Red Hat Bugzilla – Bug 247486
bind-chroot does not modify /etc/logrotate.d/named
Last modified: 2013-04-30 19:36:31 EDT
Description of problem: The standard named log rotation script points to /var/log/named.log . The (not exactly included, but yet) default named.conf sends the logs to that file too. If bind-chroot is installed, the logs end up in /var/named/chroot/var/log/named.log. Therefore, the chroot package should create chroot/var/log and replace logrotate.d/named accordingly. Version-Release number of selected component (if applicable): 9.3.3-8.el5
First about creating var/named/log directory in chroot - definitely not because log file could be located everywhere (and someone else could want create var/named/logs/, someone var/log etc). And about changing logrotate.d/named. This is only template, /var/log/named.log doesn't exist in default configuration so if you create in (in chroot or not) you have to configure all other things accordingly. I should simply change /var/log/* to /var/named/chroot/var/log/* in /etc/logrotate.d/named when bind-chroot is installed but I don't think this change makes sence. What's your opinion about this? Adam
I suspect that nine out of ten times someone installs bind for the first time, he grabs the default named.conf that comes with the package, adds some domains to it and is up and running. Therefore, since the default named.conf sends the log to /var/log/named.log, that's where it will be in most systems. /etc/logrotate.d/named comes with the bind package and points to the default logfile. There is some crisp logic in that: if the admin changes the log location, he should change it everywhere, and if he doesn't change anything, logs and log rotation should work out of the box. There is no reason why this logic should be lost if bind-chroot gets installed. The problem now is that the chroot package seems to take care of everything needed, but actually it does not. The stressed/sloppy/distracted admin sees everything working and doesn't realise that bind isn't logging at all because the directory /var/named/chrooot/var/log is missing. He only finds out there is no log when he needs the log and goes looking for it. So then he creates the directories and forgets the rotation, until a full partitition some time later reminds him of that. Is it the distro's job to compensate the sloppiness of the admin? Perhaps not. But at least the distro shouldn't create traps for the sloppy admin to fall into. If the bind-chroot pachage keeps the logic from the base bind package, everything will work out of the box if the admin changes nothing. If, on the other hand, the admin does change something, he will know that he needs to change it everywhere. For these reasons I still think that bind-chroot should create the directories /var/named/chroot/var/log and point the logorate script to /var/named/chroot/var/log/named.log . Besides, this is a zero-cost/zero-risk change; it would spare some people some trouble but it wouldn't cause anyone else any new trouble.
Your proposal change makes sence. I will fix this in 5.2 Adam
This request was evaluated by Red Hat Product Management for inclusion in a Red Hat Enterprise Linux maintenance release. Product Management has requested further review of this request by Red Hat Engineering, for potential inclusion in a Red Hat Enterprise Linux Update release for currently deployed products. This request is not yet committed for inclusion in an Update release.
An advisory has been issued which should help the problem described in this bug report. This report is therefore being closed with a resolution of ERRATA. For more information on the solution and/or where to find the updated files, please follow the link below. You may reopen this bug report if the solution does not work for you. http://rhn.redhat.com/errata/RHSA-2008-0300.html
I just noticed, this has reverted back to its pre-fix behaviour.
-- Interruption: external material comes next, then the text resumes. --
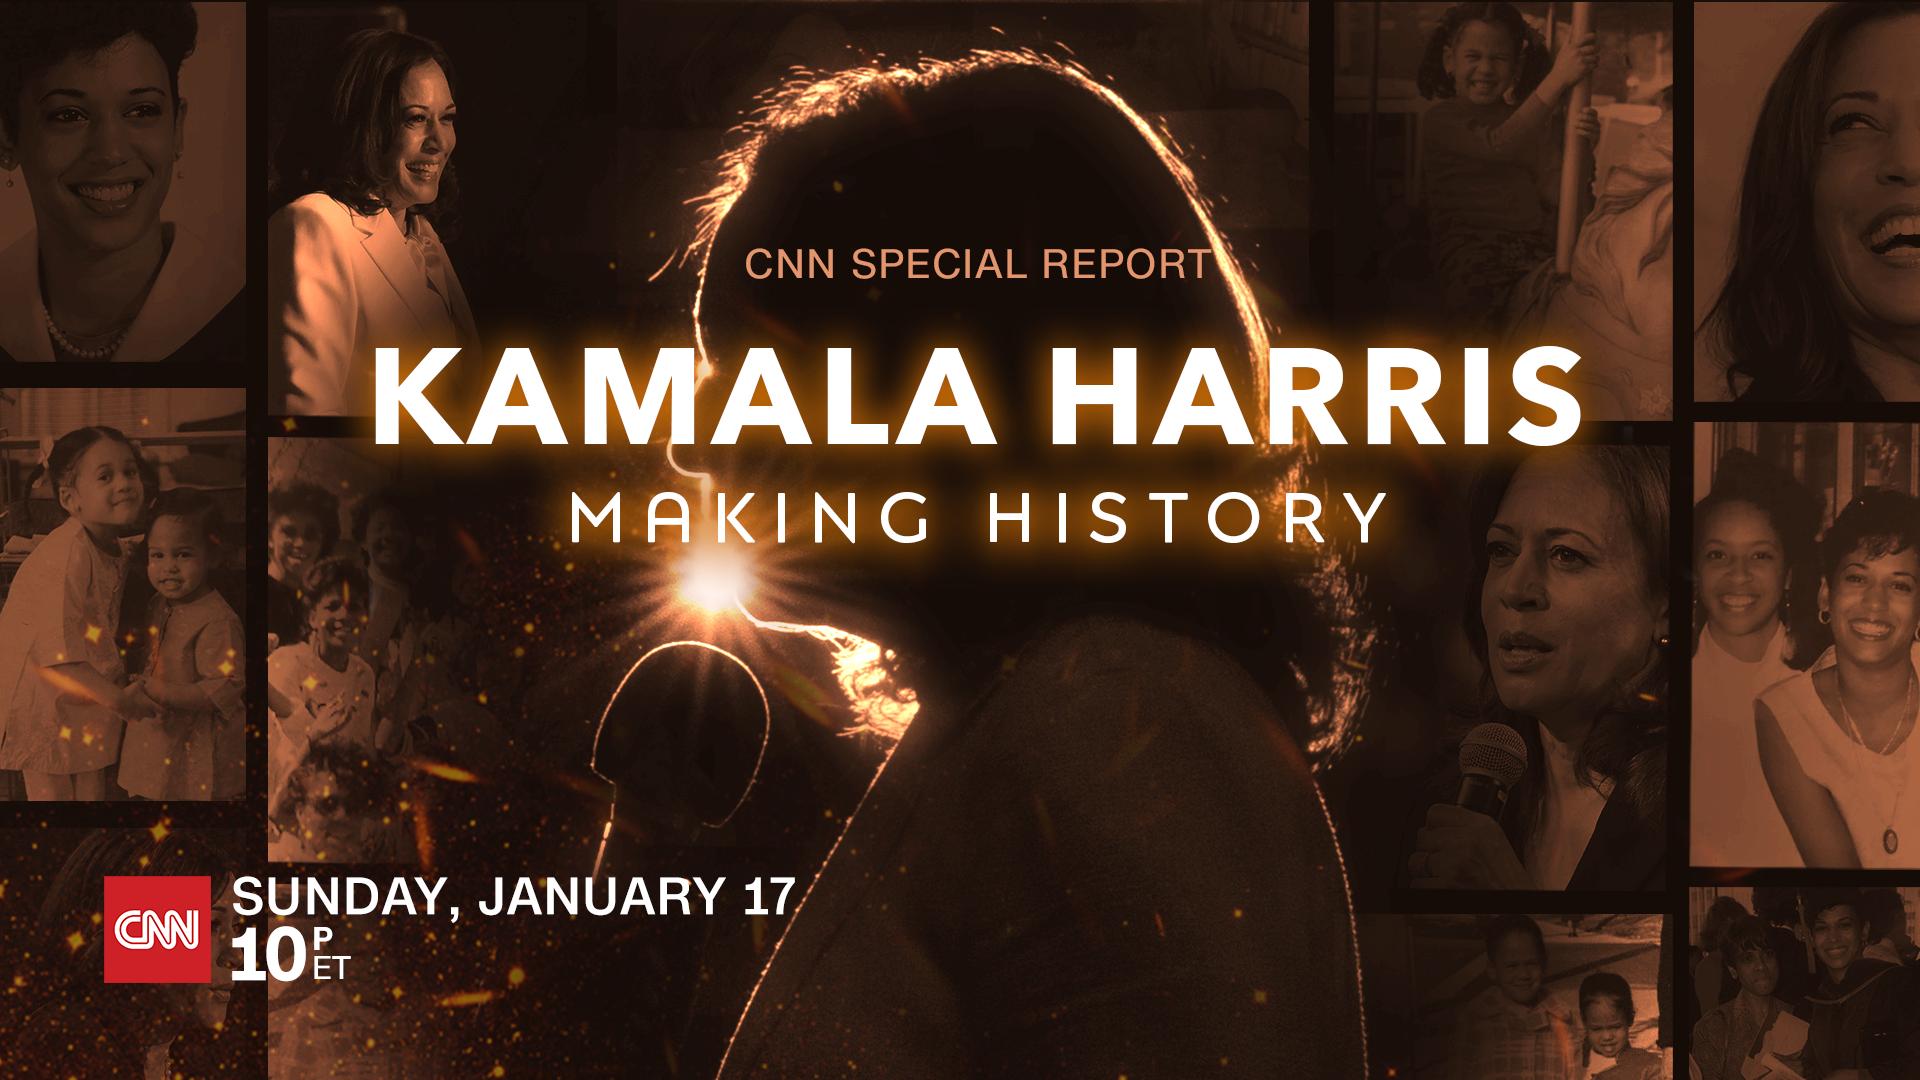 cnnpressroom.blogs.cnn.com: CNN SPECIAL REPORT: Kamala Harris: Making History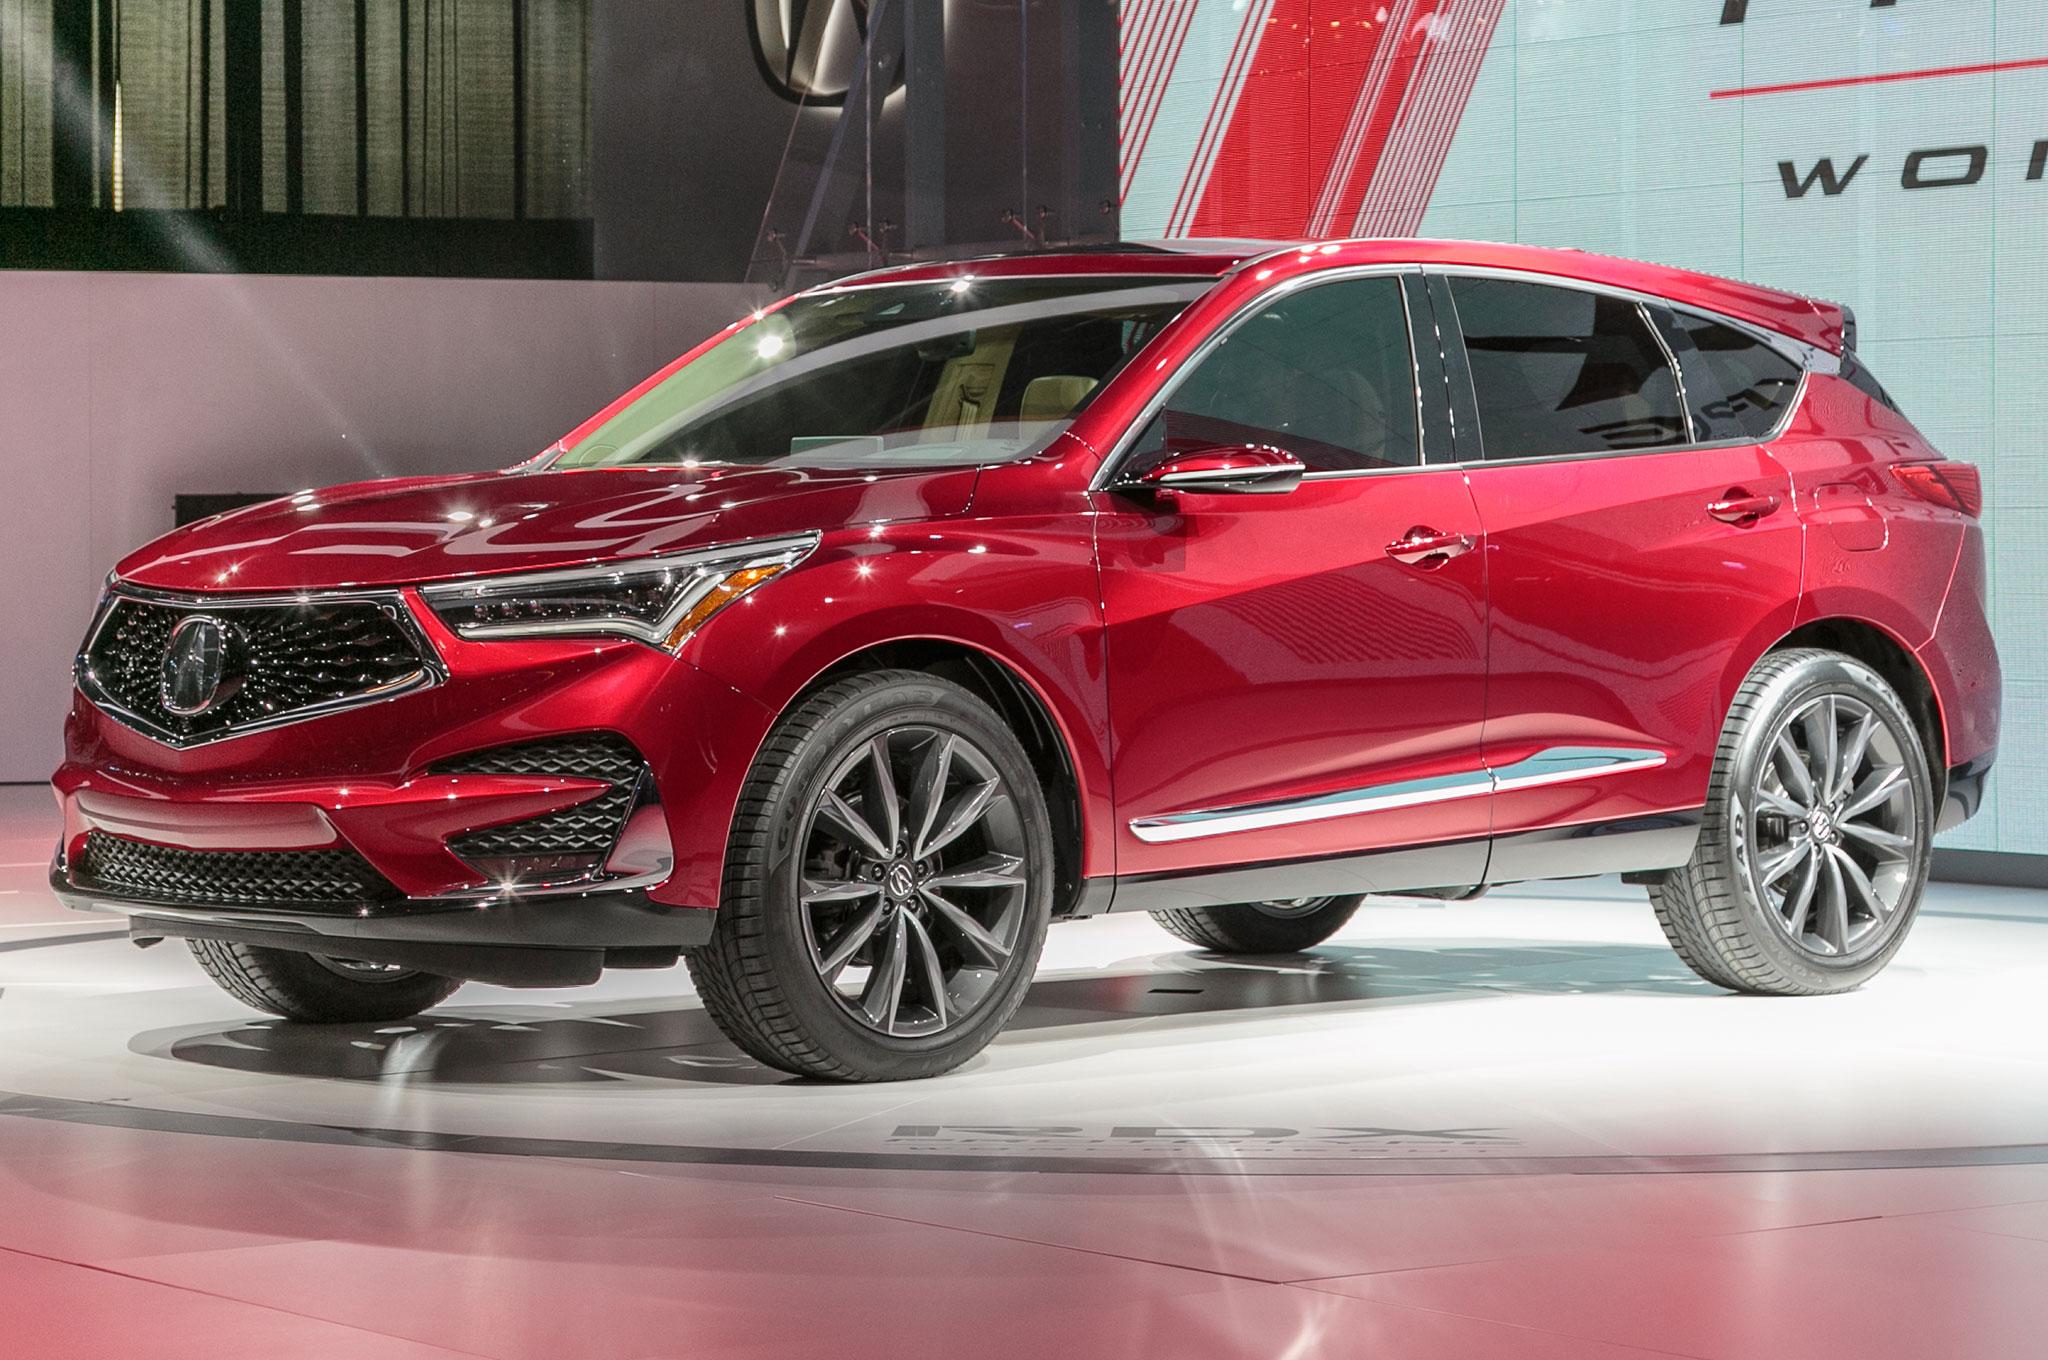 2019 Acura RDX Headed to New York Auto Show | Automobile ...

The fix in RHSA-2008:0300-16 was * the default named log rotation script did not work correctly when using the bind-chroot package. In these updated packages, installing bind-chroot creates the symbolic link "/var/log/named.log", which points to "/var/named/chroot/var/log/named.log", which resolves this issue. However, rpm -q bind-chroot bind-chroot-9.3.6-4.P1.el5_4.2 rpm -q --scripts bind-chroot postinstall scriptlet (using /bin/sh): if [ "$1" -gt 0 ]; then /usr/sbin/bind-chroot-admin --enable > /dev/null 2>&1; fi; :; preuninstall scriptlet (using /bin/sh): if [ "$1" -eq 0 ]; then /usr/sbin/bind-chroot-admin --disable > /dev/null 2>&1; fi :; posttrans scriptlet (using /bin/sh): if [ -x /usr/sbin/selinuxenabled ] && /usr/sbin/selinuxenabled && \ [ -x /sbin/restorecon ]; then /sbin/restorecon /var/named/chroot/dev/* > /dev/null 2>&1; fi; :;
I'm unable to re-open the bug. Could someone please do it for me, or should I clone it?